» **Exercise description**
For this exercise, restate every line below word for word and drop the images.
*** Collected data Section Begins ***
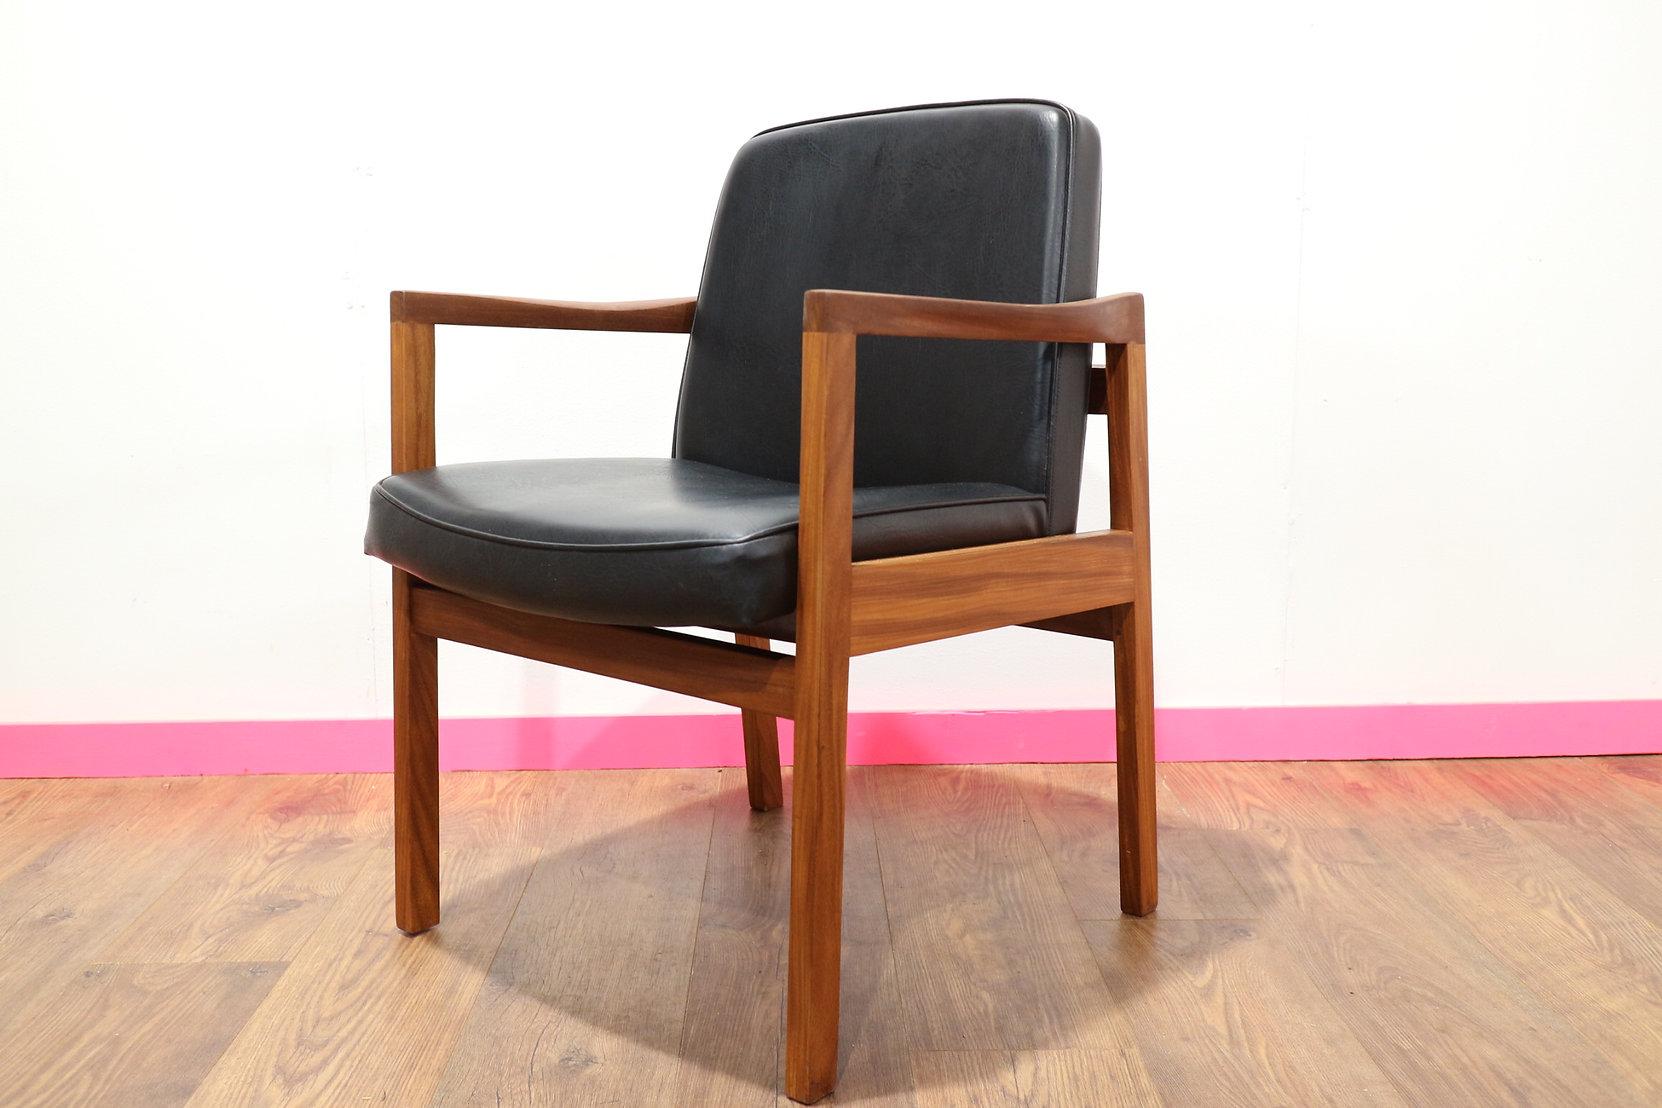 A beautiful carver office chair with a vinly leatherette cushioned seat and gorgeouse sculpted arms. This British chair was made in the 1960s and is in fantastic shape. 

 

Dimensions 

w23 d24 h32

Seat height 18 Arm height
*** Collected data Section Ends ***
» **Response area**
 A beautiful carver office chair with a vinly leatherette cushioned seat and gorgeouse sculpted arms. This British chair was made in the 1960s and is in fantastic shape. 

 

Dimensions 

w23 d24 h32

Seat height 18 Arm height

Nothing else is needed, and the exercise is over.